_YOUR ASSIGNMENT_
Below are records with pictures; copy word for word only the lines between the line with "A medição diferencial" and the line with "SIGMA ZOOM LENS", inclusive, and drop the pictures.

_SOURCE DATA_
_____

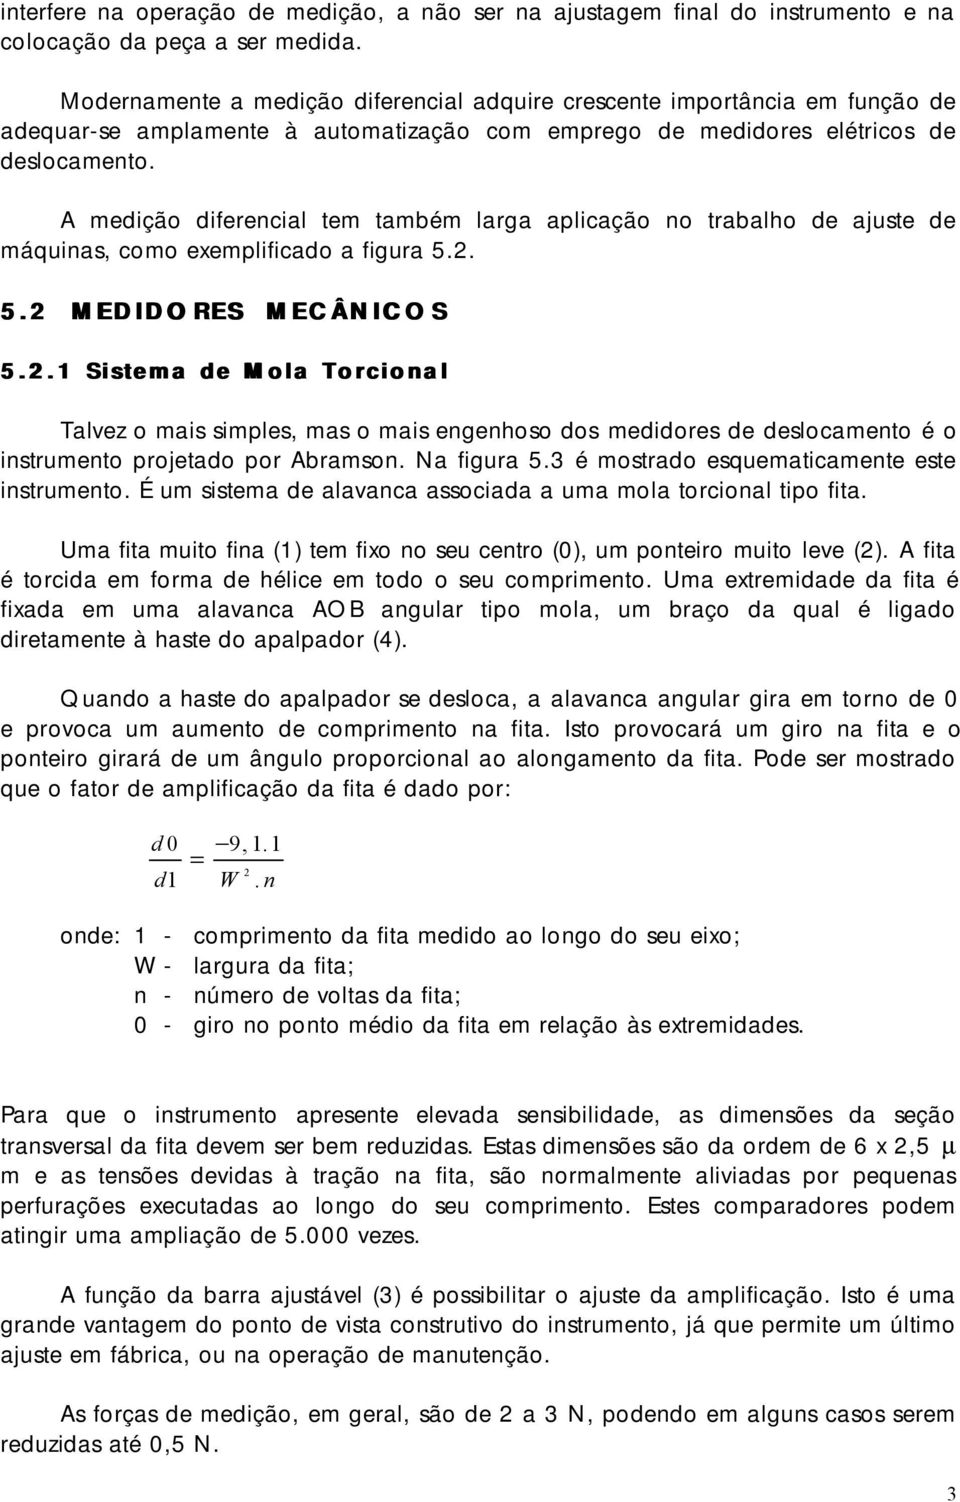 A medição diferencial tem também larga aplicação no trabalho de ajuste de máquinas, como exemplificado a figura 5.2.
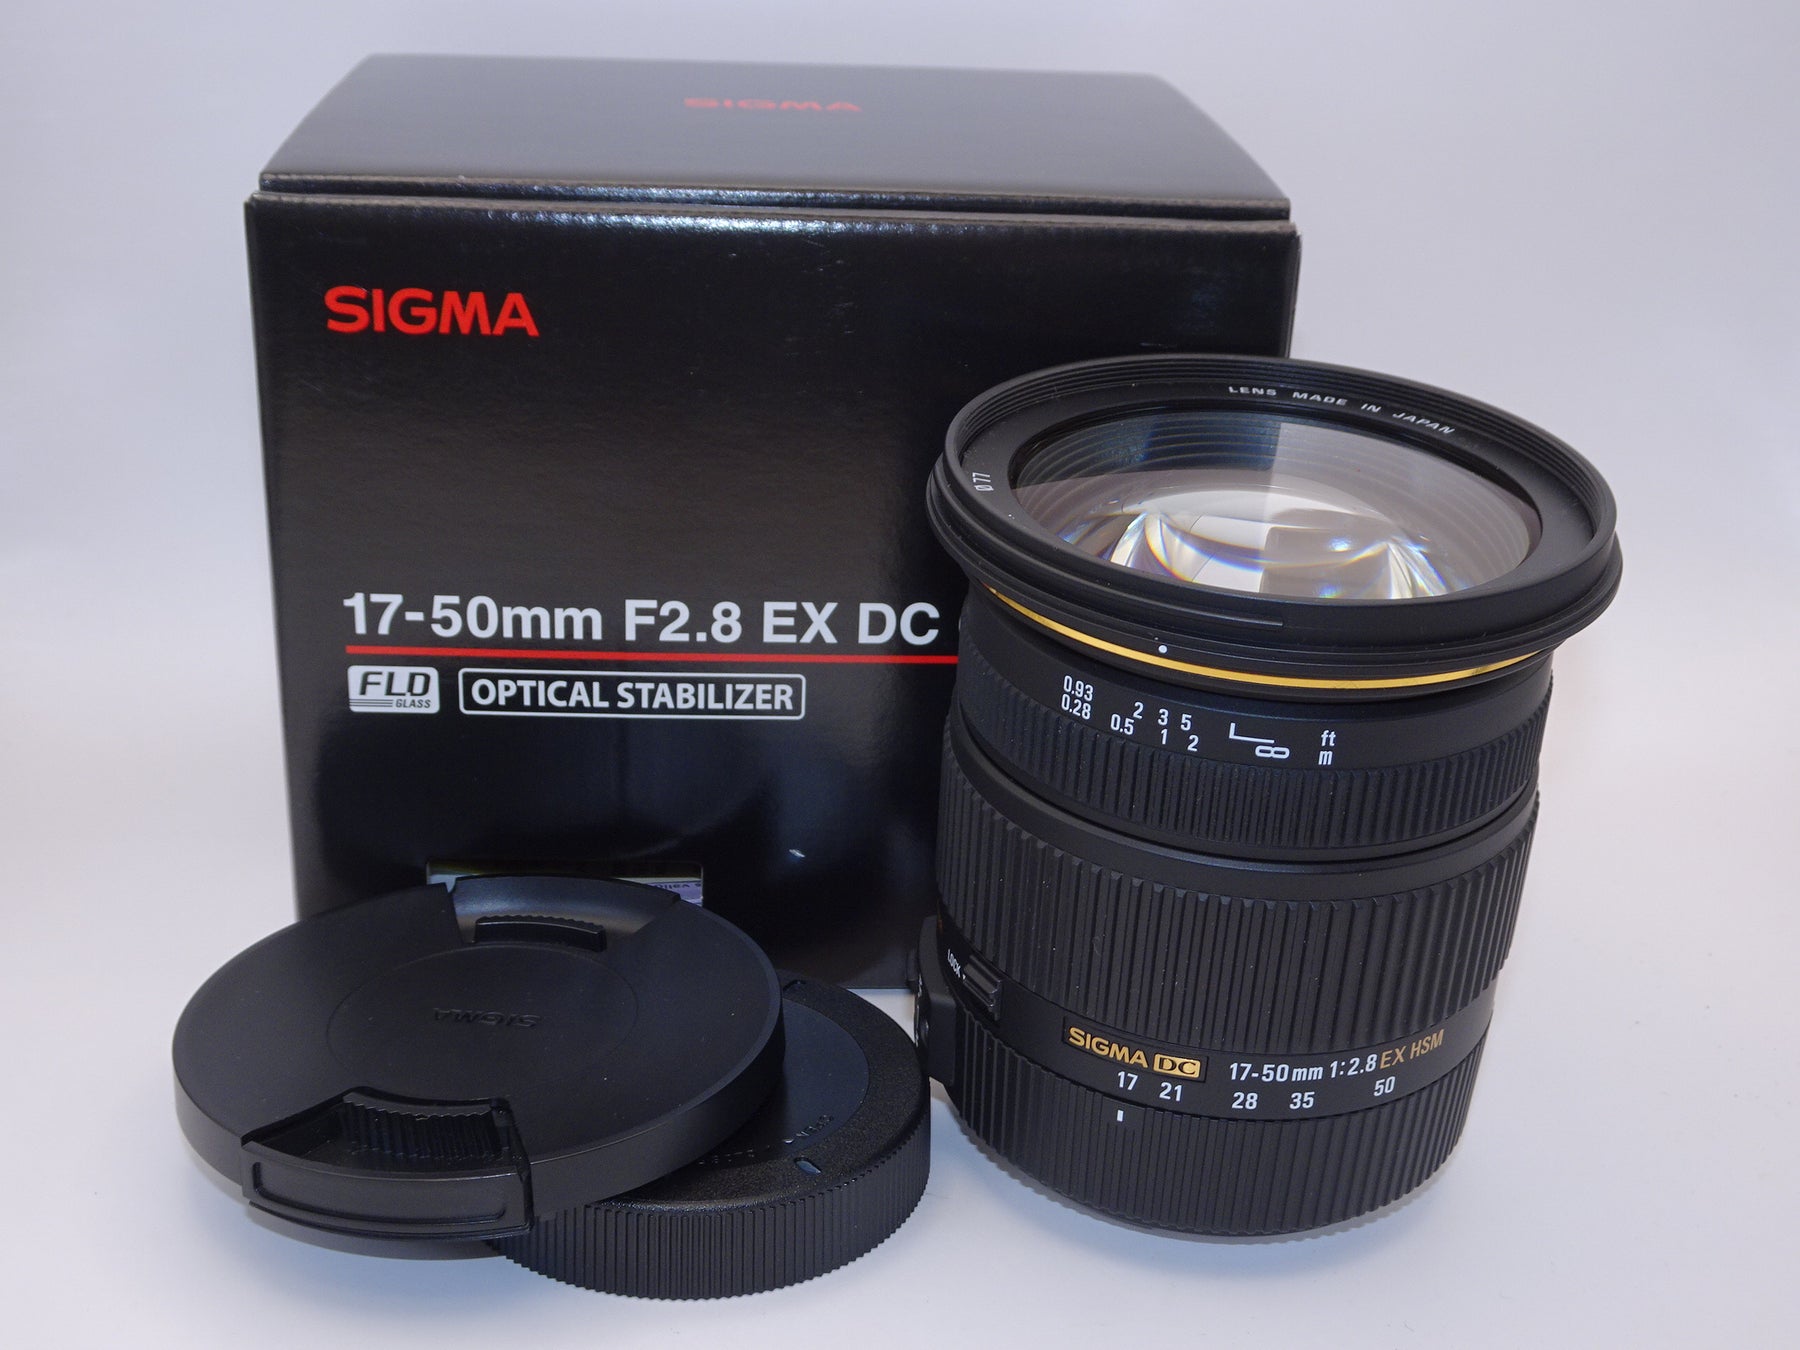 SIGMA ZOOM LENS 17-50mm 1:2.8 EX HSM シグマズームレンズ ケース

_____

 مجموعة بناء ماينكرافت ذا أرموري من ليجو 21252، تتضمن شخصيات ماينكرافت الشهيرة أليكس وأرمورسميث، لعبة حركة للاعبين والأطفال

_____

_REPLY_
 A medição diferencial tem também larga aplicação no trabalho de ajuste de máquinas, como exemplificado a figura 5.2.
 SIGMA ZOOM LENS 17-50mm 1:2.8 EX HSM シグマズームレンズ ケース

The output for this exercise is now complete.